What to do: Repeat the listing below in full and exactly, but without its pictures.

Dataset section:
[Start of section]
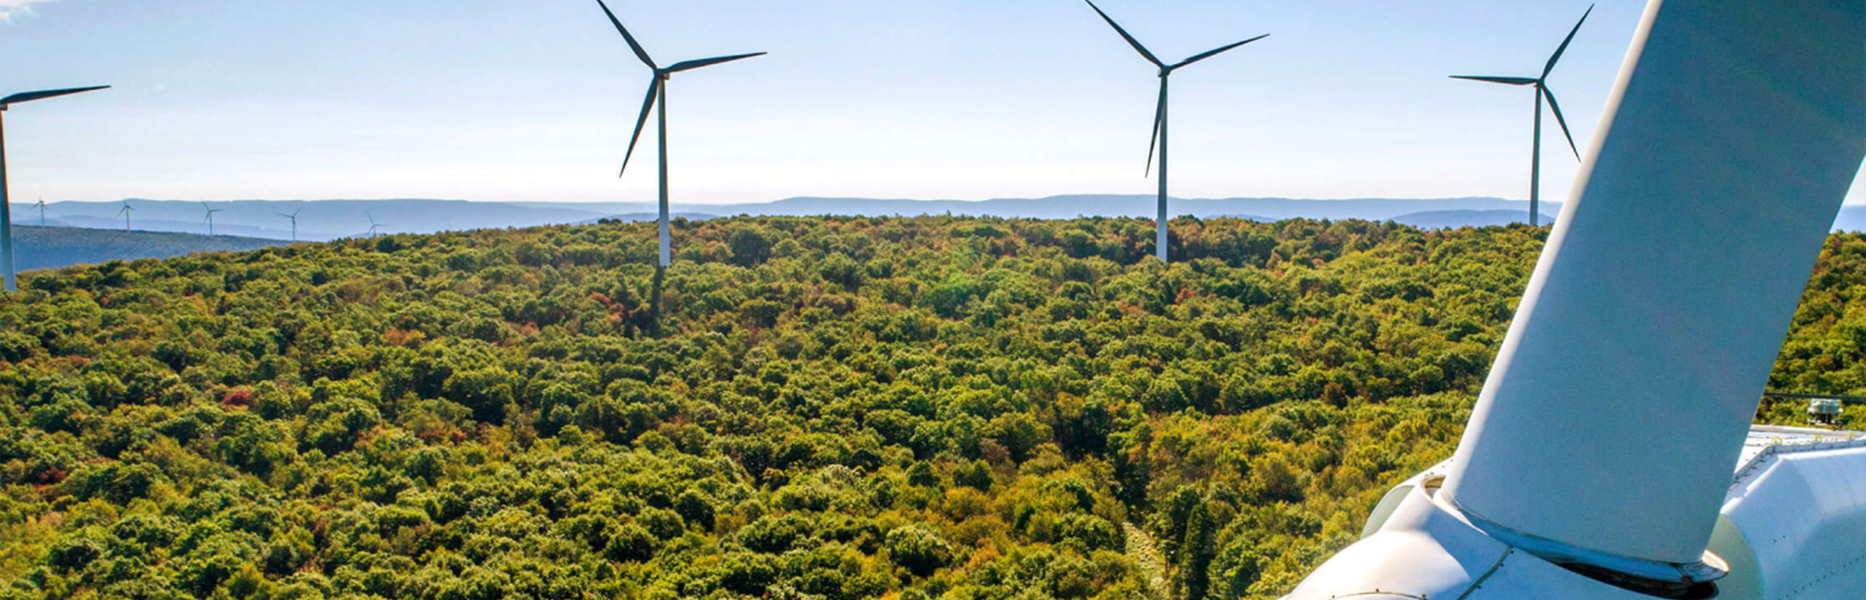 hero-renewable-windmill-in-trees
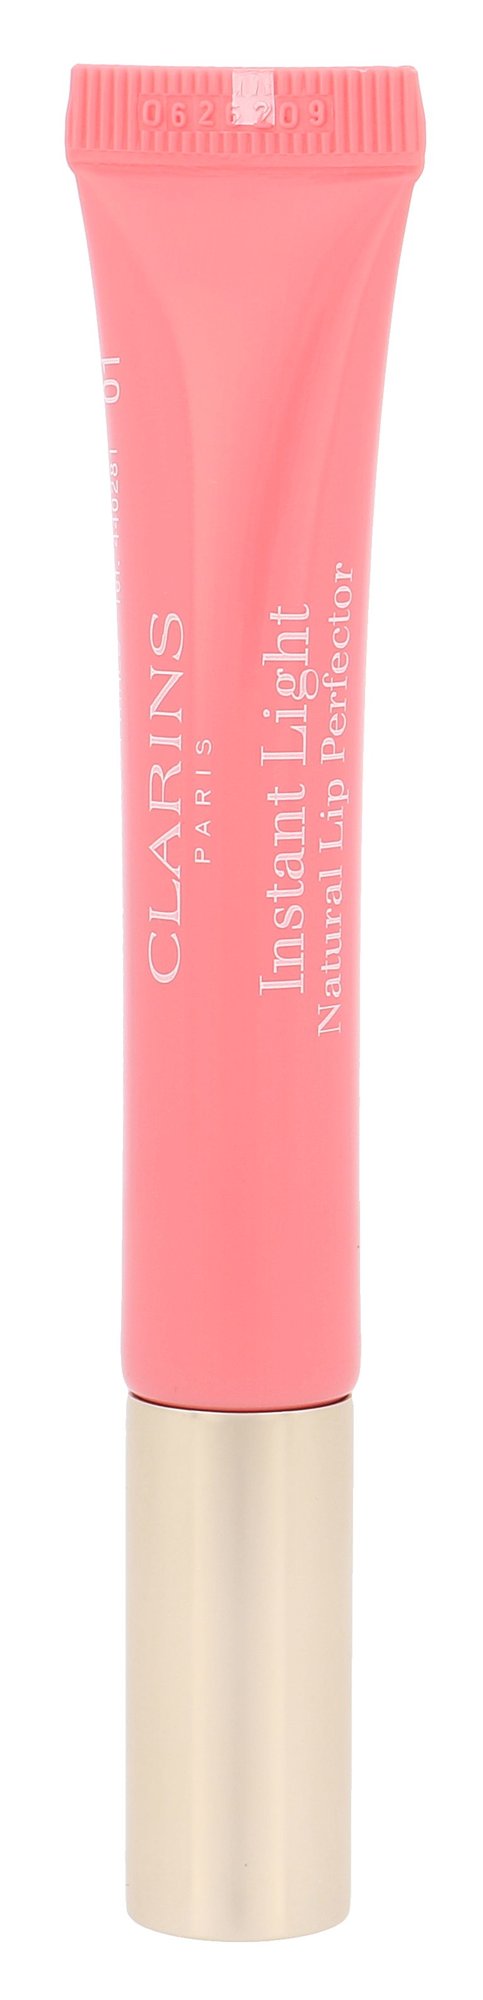 Clarins Instant Light Natural Lip Perfector 12ml lūpų blizgesys
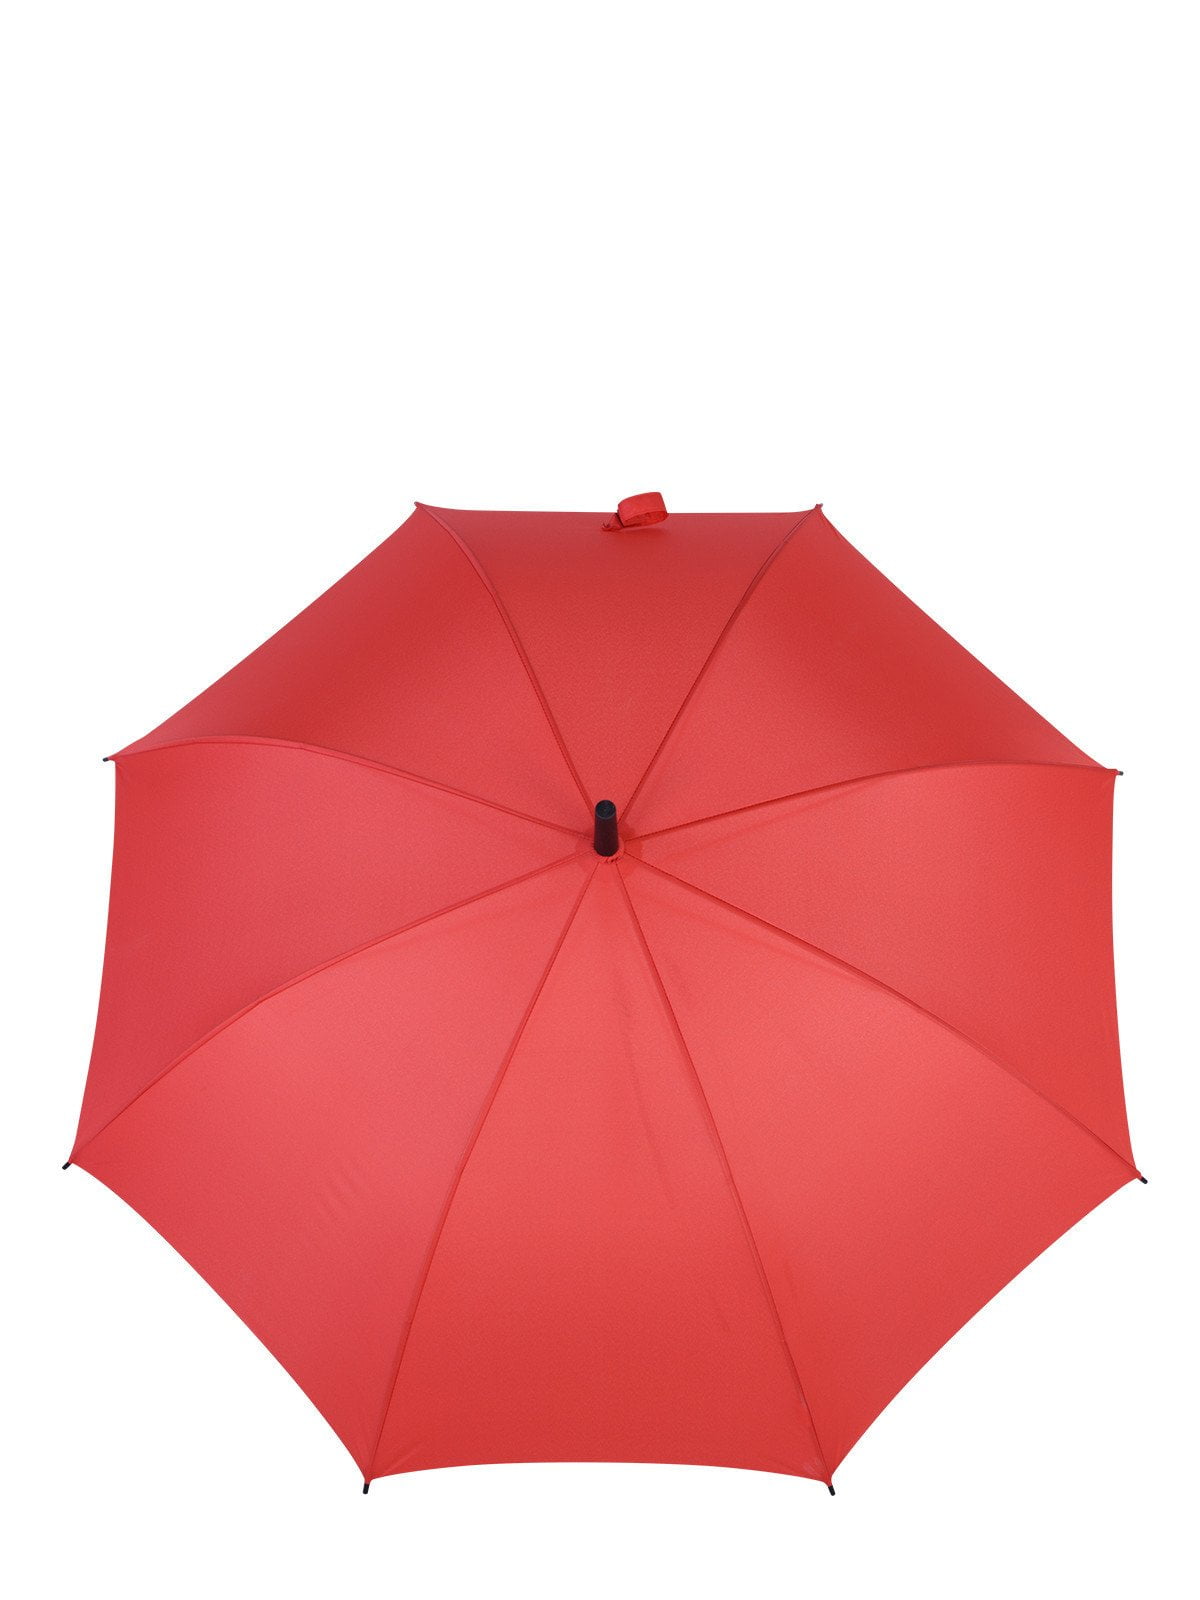 Belami by Knirps Stick Umbrella – Solids Red
[End of section]
Final answer:
 hero-renewable-windmill-in-trees
 Clarins Instant Light Natural Lip Perfector 12ml lūpų blizgesys
 Belami by Knirps Stick Umbrella – Solids Red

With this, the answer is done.